Wednesday, February 22, 2012

Night and Day, by Virginia Woolf

Man, what a slog this one was! Virginia Woolf is a hard writer to love!

This was her second novel, published by her (allegedly sexually abusive) stepbrother Gerald Duckworth, so it's hard to know how much control she had over the finished product. Great huge swaths of this book are in her trademark stream-of-consciousness style, and that gets tiring very fast. Yes, human beings do experience lots of different thoughts and emotions which are entirely internally generated. But how many times can you ask a reader to suffer through "Inexplicably, the anger/jealousy/happiness/boredom he thought would be his lifelong burden to bear turned to joy/sympathy/pathos/rage/a need to take long cab rides along the Thames"?

There is a nominal plot--Katherine Hilbery is the granddaughter of a nationally celebrated poet, and her mother (the poet's daughter) is desultorily working on a biography of the man. Katherine's father runs a literary magazine, and employs several bright young men who write reviews and articles, including William Rodney (to whom she becomes engaged) and Ralph Denham, with whom she falls in love. There is another woman, Mary Datchet, who volunteers for a suffragist society who is initally in love with Denham, until he falls in love with Katherine. Mary opts for the consolations of a well-spent work life and ends the novel ignored by everybody as she selflessly toils away in the Room of Her Own, making the world a better place.

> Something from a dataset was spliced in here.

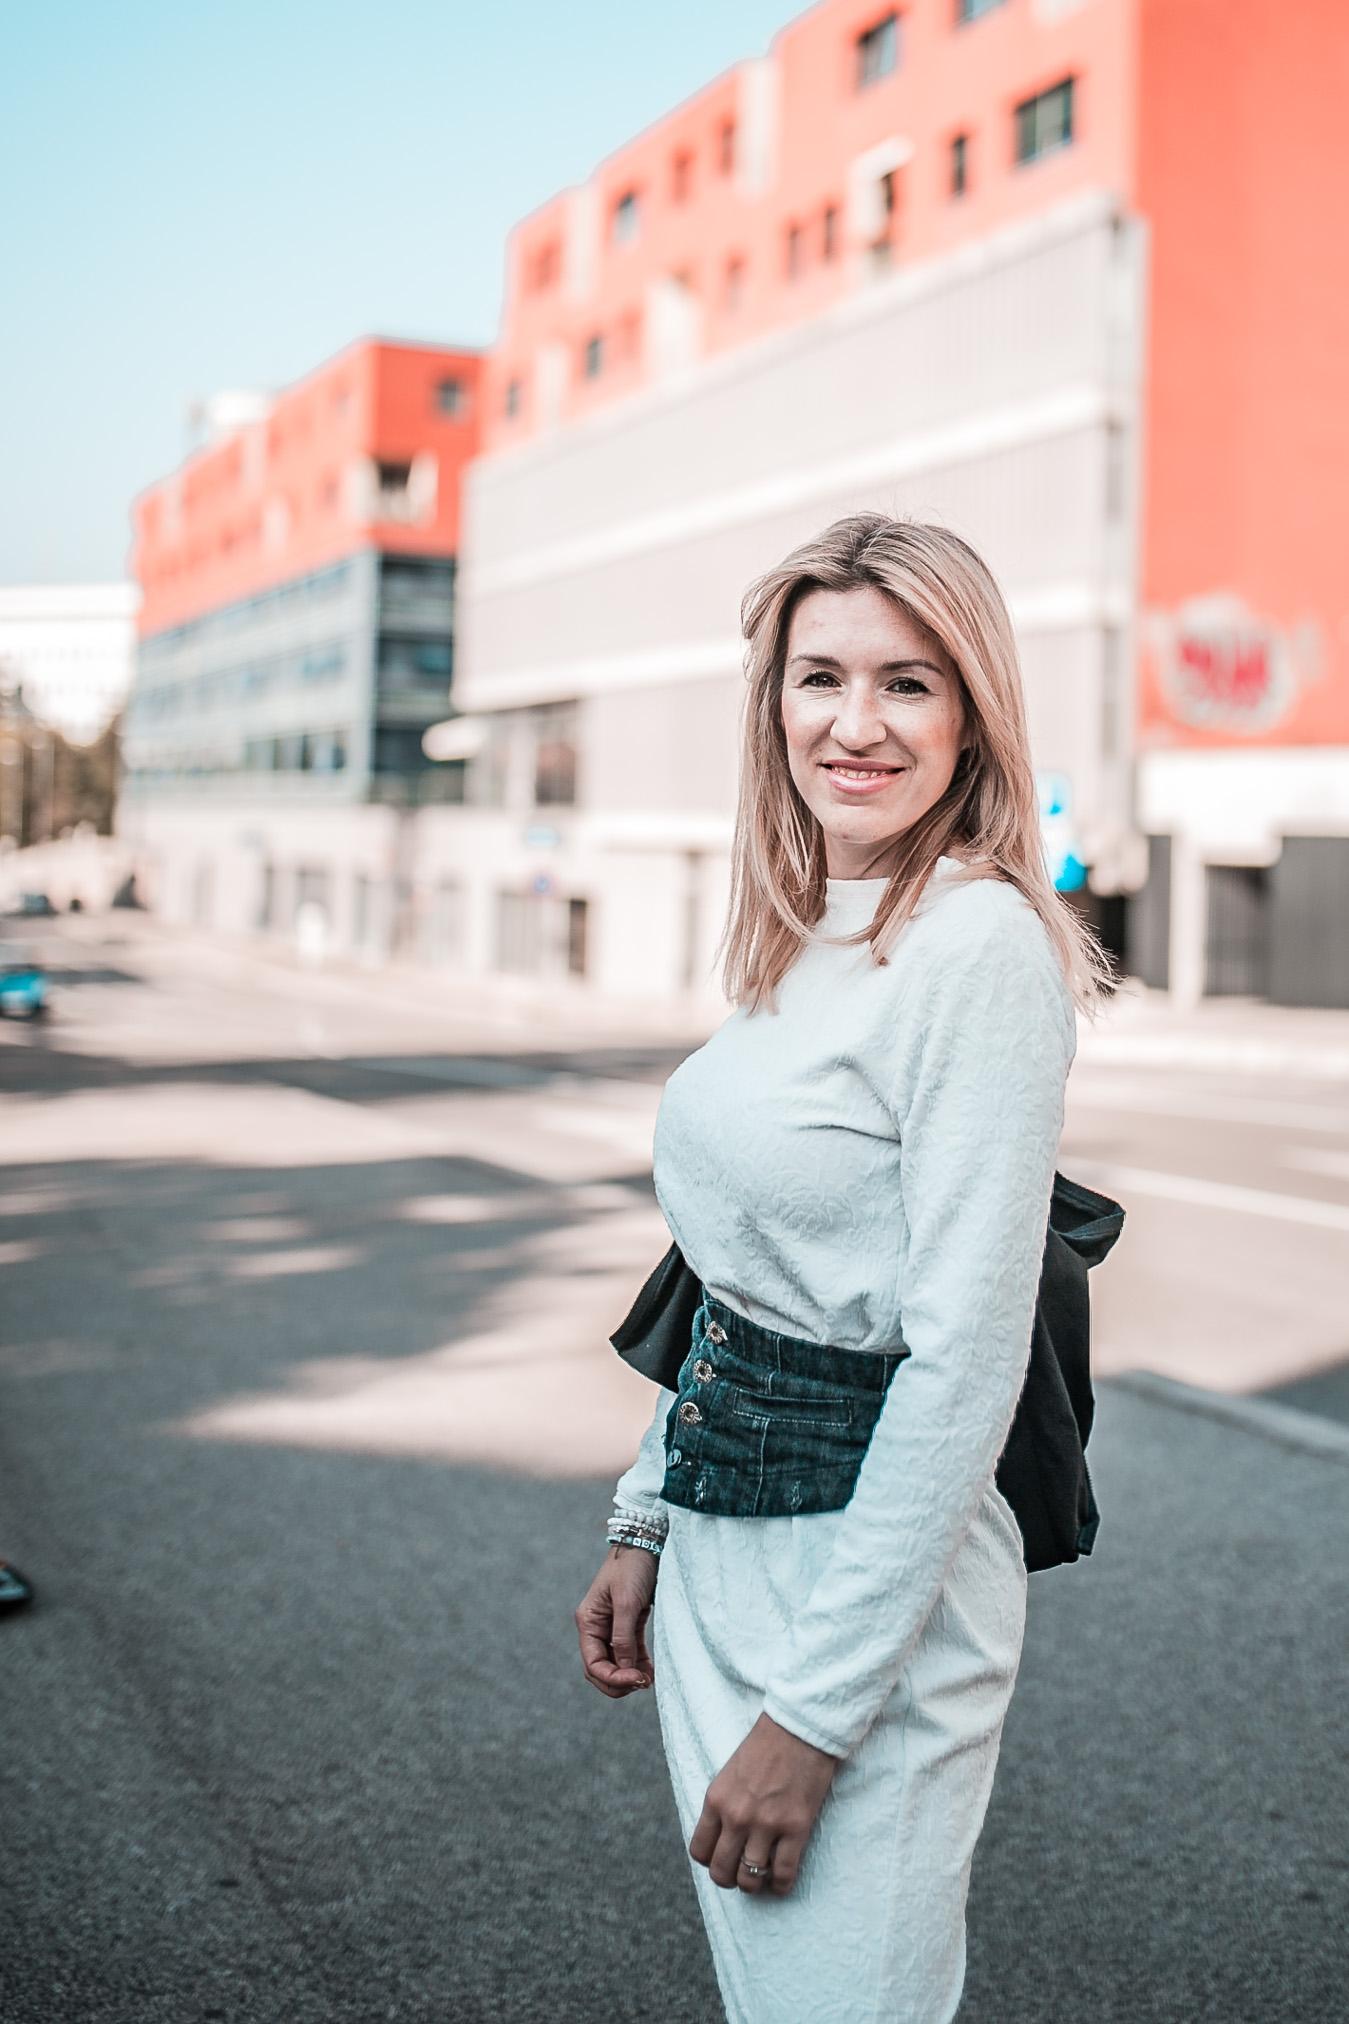 Razgovarala: Marija Klasiček

There is a fifth member of this fugue/rondeley, who is introduced suddenly about two-thirds of the way through the novel--Katherine's cousin Cassandra, who arrives via William Rodney's sudden premonition that he might actually be in love with her instead. There is some nonsense about whether Katherine and William will be allowed to mutually end their engagement, since they are both in love with other people. But in the end everybody ends up with the right person and engaged.

This is a very long novel, and ultimately it's interesting primarily as an artifact of Woolf's struggle to master the kind of interior writing she wanted to do. It's still very beholden to the conventions of Victorian novel-writing, while at the same time being largely locked inside the interior monologues of the characters. Very seldom do the characters actually interact with each other. More often, they engage in a sort of parallel play, where they conduct their own thoughts while in the same room with each other.

It is tempting to ascribe autobiographical details to this plot--Woolf grew up in the kind of literary family she draws in the Hilberys, and she sketches the emotional cost of living under the legacy of a Great Man, much as Virginia herself may have felt about her own father. Ralph Denham supports his large family of siblings, as Leonard Woolf may well have done, living a lower class existence than the rarefied one enjoyed by the Hilberys.

Not a great book, and I wouldn't recommend it except for Woolf completists.